I don’t like: white Pomeranians, women in slacks, geraniums, strawberries, the harpsichord, Miró, tautologies, animated cartoons, Arthur Rubinstein, villas, the afternoon, Satie, Bartók, Vivaldi, telephoning, children’s choruses, Chopin’s concertos, Burgundian branles and Renaissance dances, the organ, Marc-Antoine Charpentier, his trumpets and kettledrums, the politico-sexual, scenes, initiatives, fidelity, spontaneity, evenings with people I don’t know, etc.
The items on each list are concrete, vivid; they give the sense of a personality. More than that, though, the format of the list—its teasing combination of revelation and withholding—tells us more about Barthes than his expressed dislike for strawberries and women in slacks (Ludwig Wittgenstein also hated it when women wore trousers). A shape or structure is then bestowed on the fragment by the turn in the paragraph that follows:
I like, I don’t like: this is of no importance to anyone; this, apparently, has no meaning. And yet all this means: my body is not the same as yours. Hence, in this anarchic foam of tastes and distastes, a kind of listless blur, gradually appears the figure of a bodily enigma, requiring complicity or irritation. Here begins the intimidation of the body, which obliges others to endure me liberally, to remain silent and polite confronted by pleasures or rejections which they do not share.
(A fly bothers me, I kill it: you kill what bothers you.
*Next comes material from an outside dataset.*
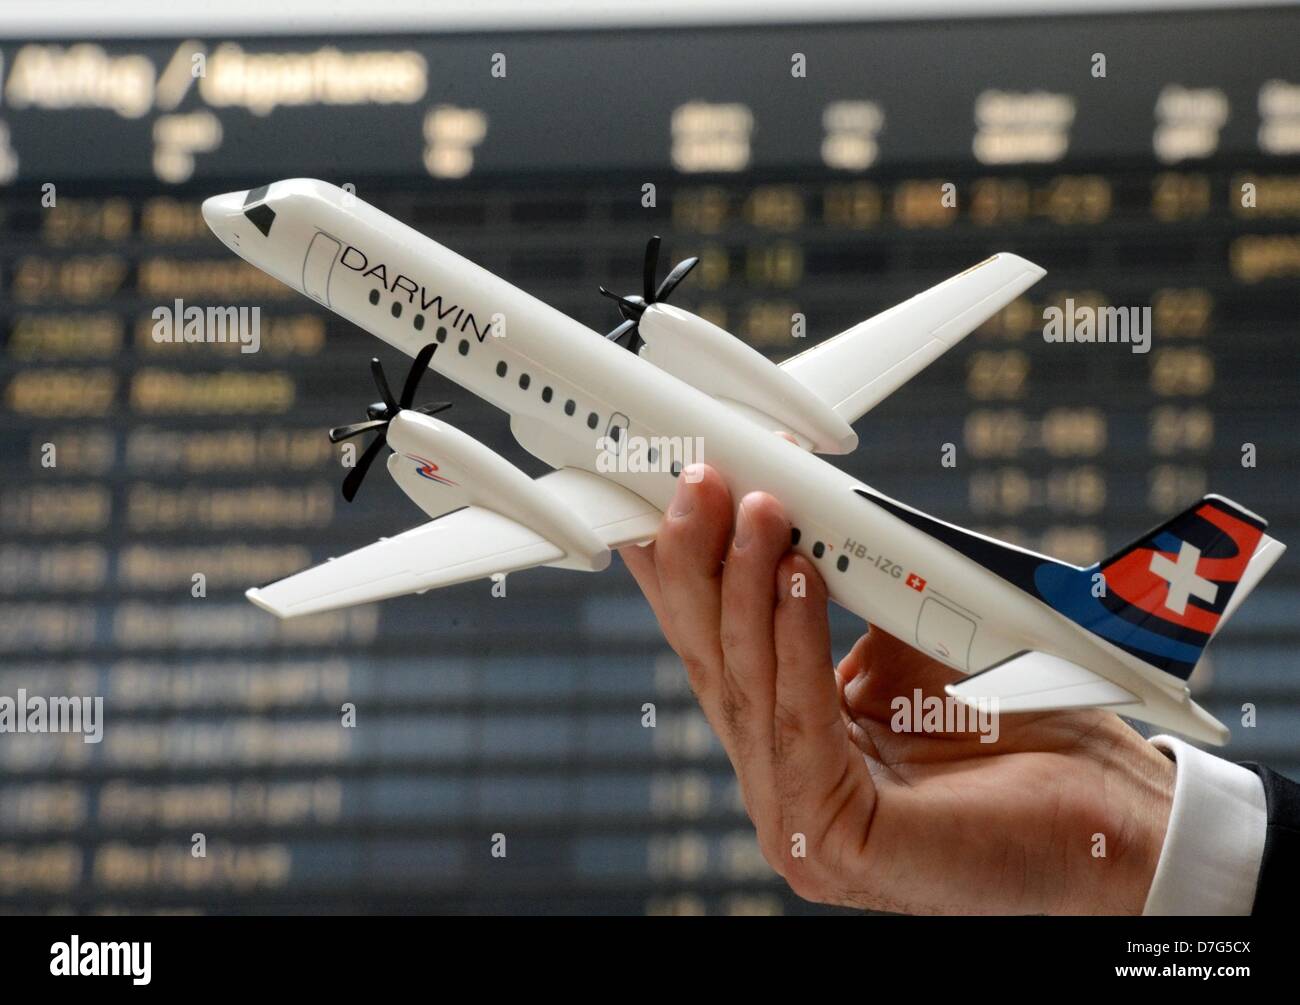 An employee of Darwin airlines based in Switzerland holds a model of a  turboprop airplane at the Leipzig/Halle Airport in Leipzig, Germany, 07 May  2013. Darwin will start flying to Paris and
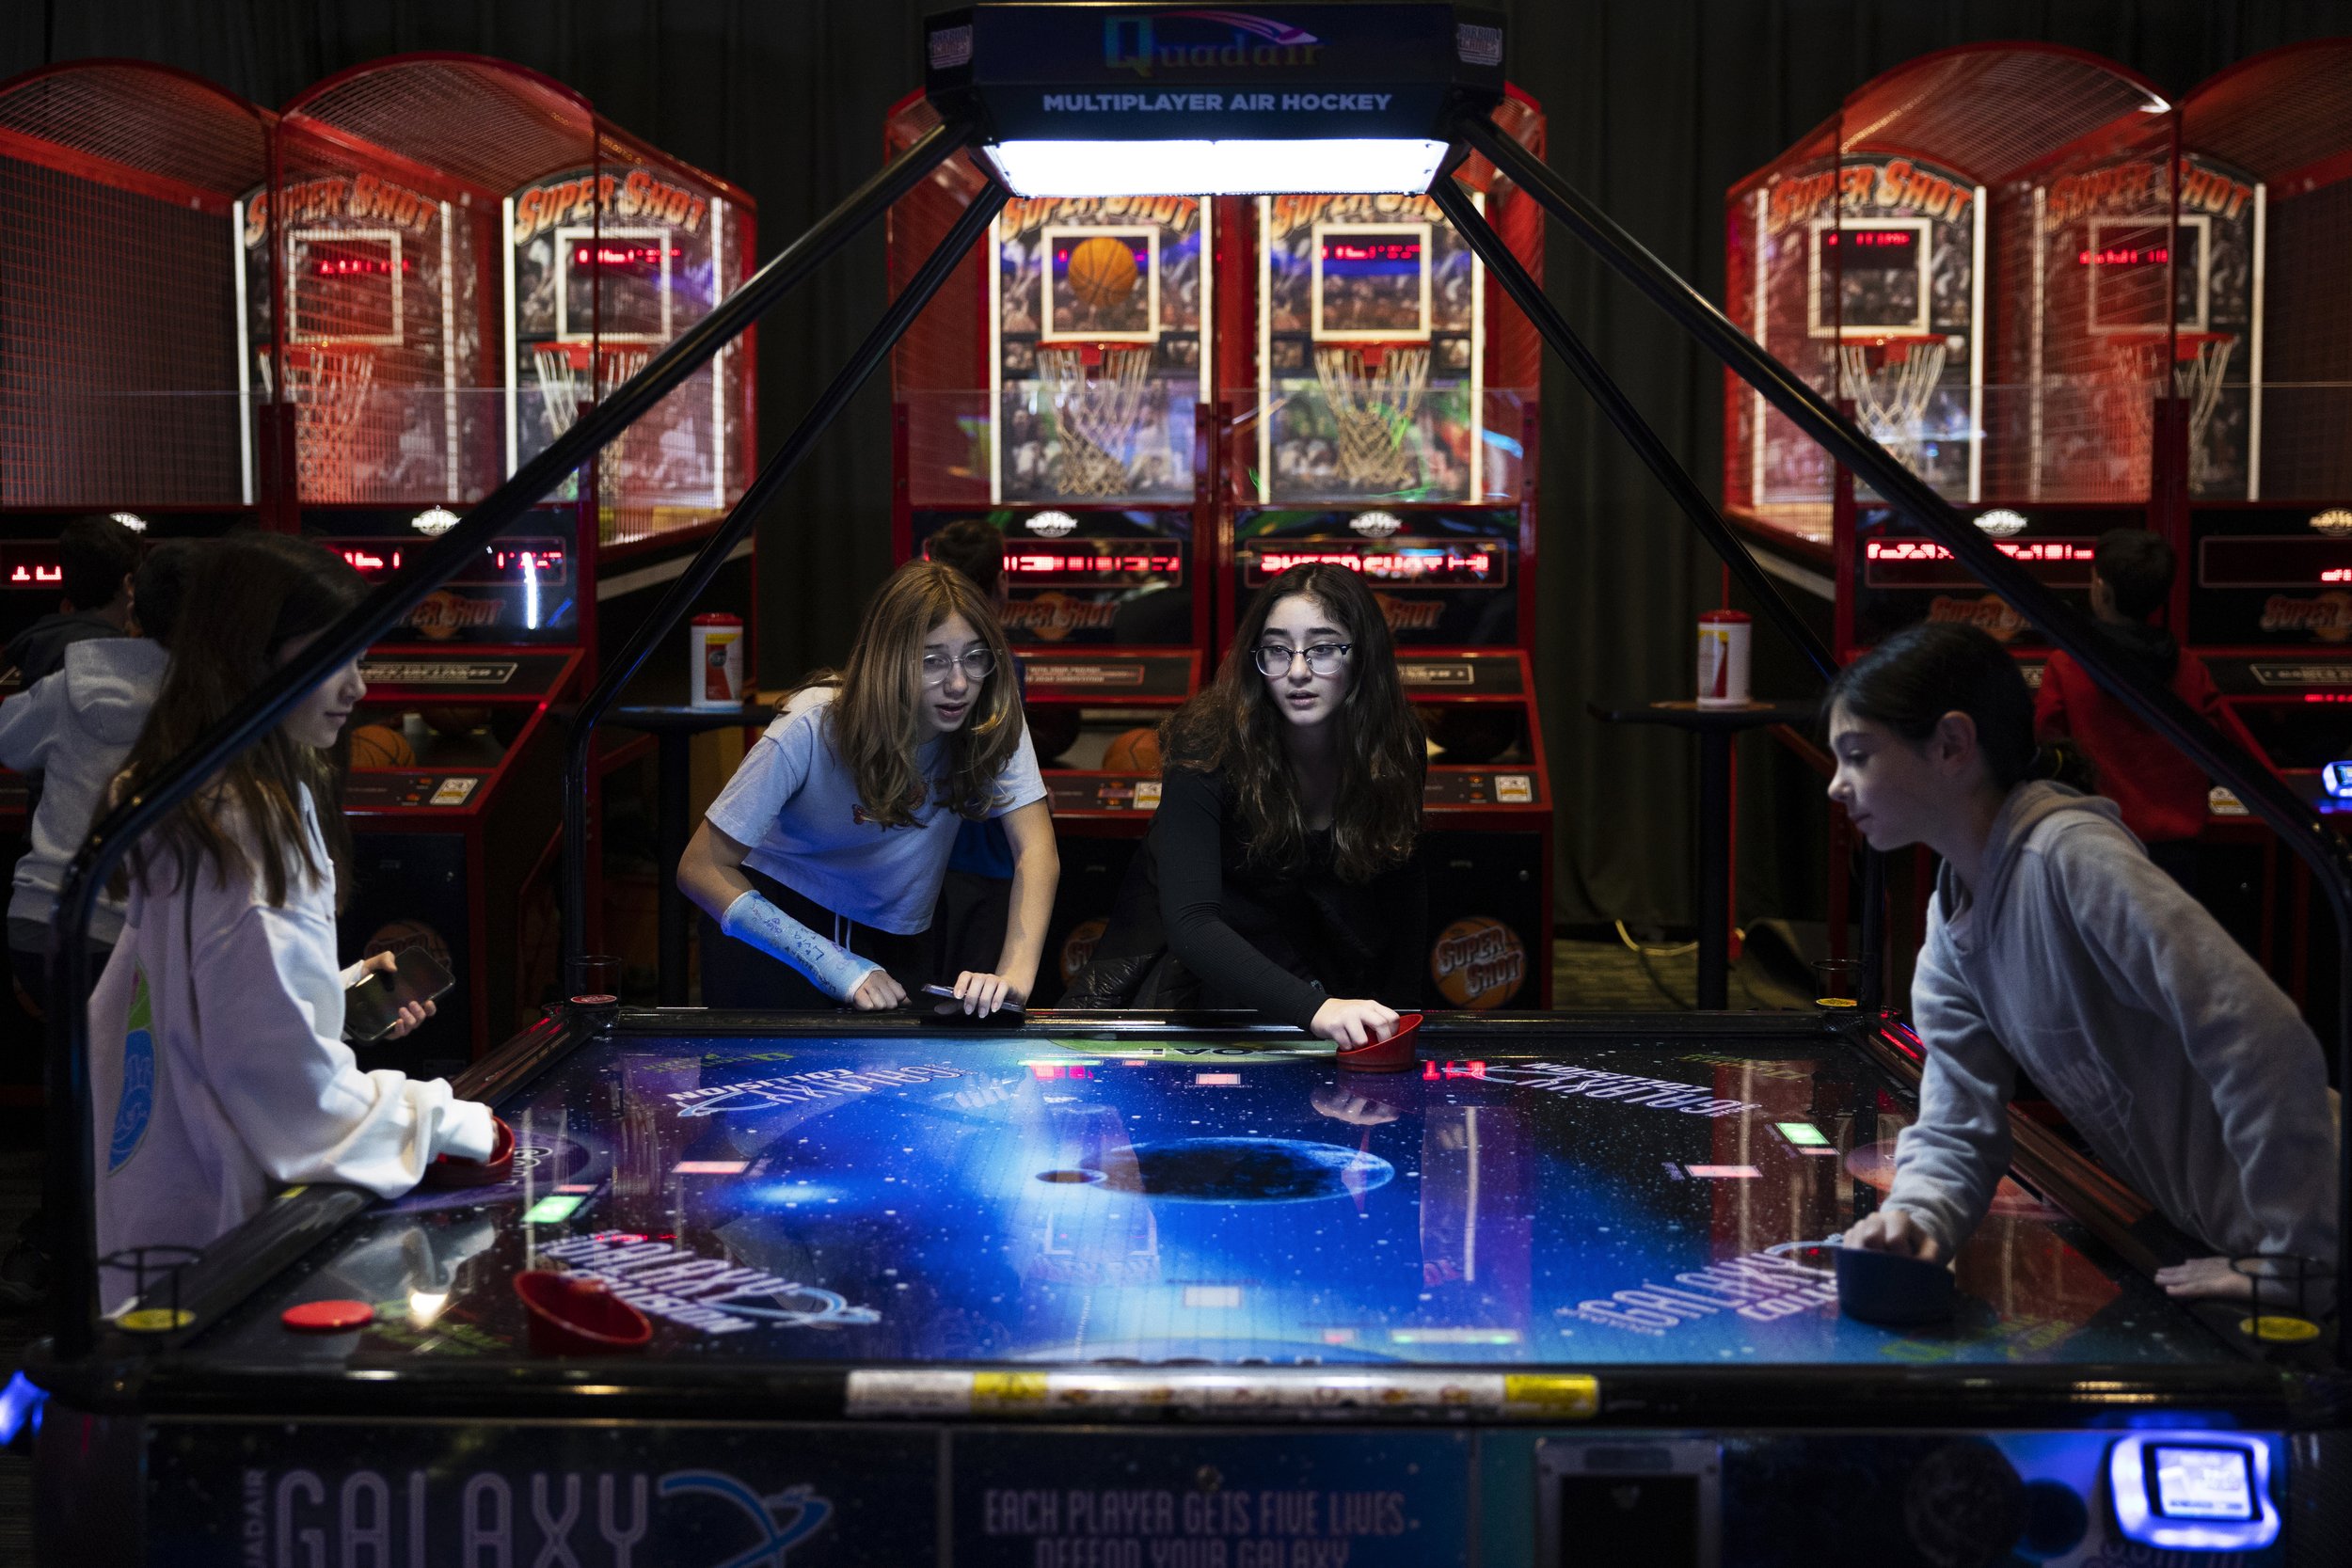  Carly Kreisler (second to left) and Daniella Goldberg (third to left) play air hockey with friends at the camp reunion at Dave and Busters in Palisades, New Jersey on November 27, 2022.

If I had not killed the fly, it would have been out of pure liberalism: I am liberal in order not to be a killer.)
From “anarchic foam” emerges a figure, and yet it is only “the figure of a bodily enigma”—it is the unreadability of the list rather than its cohesion or comprehensibility that interests Barthes, and the parenthetic aside of the final paragraph represents an arabesque of further definition, one that reminds me of Adorno’s aphoristic suggestion, in Minima Moralia, that “the precondition of tact is convention no longer intact but still present.”9 It is as though Barthes is too courteous to request the reader’s empathy, the inconsequential or unreadable aspects of his notation retaining for the writer a discreet corona of privacy.
Perhaps the clearest contemporary descendant of this Barthes, Barthes the sentence-writer, is the American critic and poet Wayne Koestenbaum; at any rate I cannot think of another writer in English who so strongly combines that level of intellectual sharpness with a baroque, sometimes dandyish style and sensibility. Koestenbaum’s 1995 book Jackie Under My Skin: Interpreting an Icon is difficult to place, generically. It’s cultural criticism, for sure, but it’s also something like a series of prose poems: the cover of the Plume paperback edition I possess features a familiar photograph of Jackie Kennedy in pink pillbox hat and coat against a luridly acidic green background, the colors drawing the eye and calling to mind the Lilly Pulitzer palette. Each short section has a title—“Jackie and Ordinary Objects,” “Jackie and Synesthesia”—and the order of the proceedings is associative, linguistic rather than argument- or narrative-driven in any obvious sense. In musing on how Jackie infuses ordinary objects with meaning, Koestenbaum suggests that press accounts during Jackie’s time in the White House emphasized her association with ordinary things partly “because icon Jackie was herself objectified, a commonplace petite chose in mass consciousness”:
Everything ordinary that Jackie did, owned, or discovered becomes evidence that (1) Jackie is really just one of us, despite her elite veneer; (2) we, despite our relentlessly ordinary lives, are secretly magnificent, because we share plain objects and practices with Jackie; (3) icon Jackie is an unpretentious object in the American home, and that’s why she is fond of ordinary things—she identifies with them. Whatnots are her peer group.10
It’s the last sentence in which Koestenbaum’s distinctive style can most clearly be heard—that mouthy “whatnots” catches the attention (a whatnot is much the same thing as a knick-knack, a tchotchke, but it is a far more evocative term in its own right, an arch little word that seems nonetheless to express something fundamental about language, its strengths and its shortcomings). Our relationship with Jackie, Koestenbaum insists, works by contiguity and association: by the trope of metonymy, in which the part stands for the whole and meaning is created by proximity rather than substitution.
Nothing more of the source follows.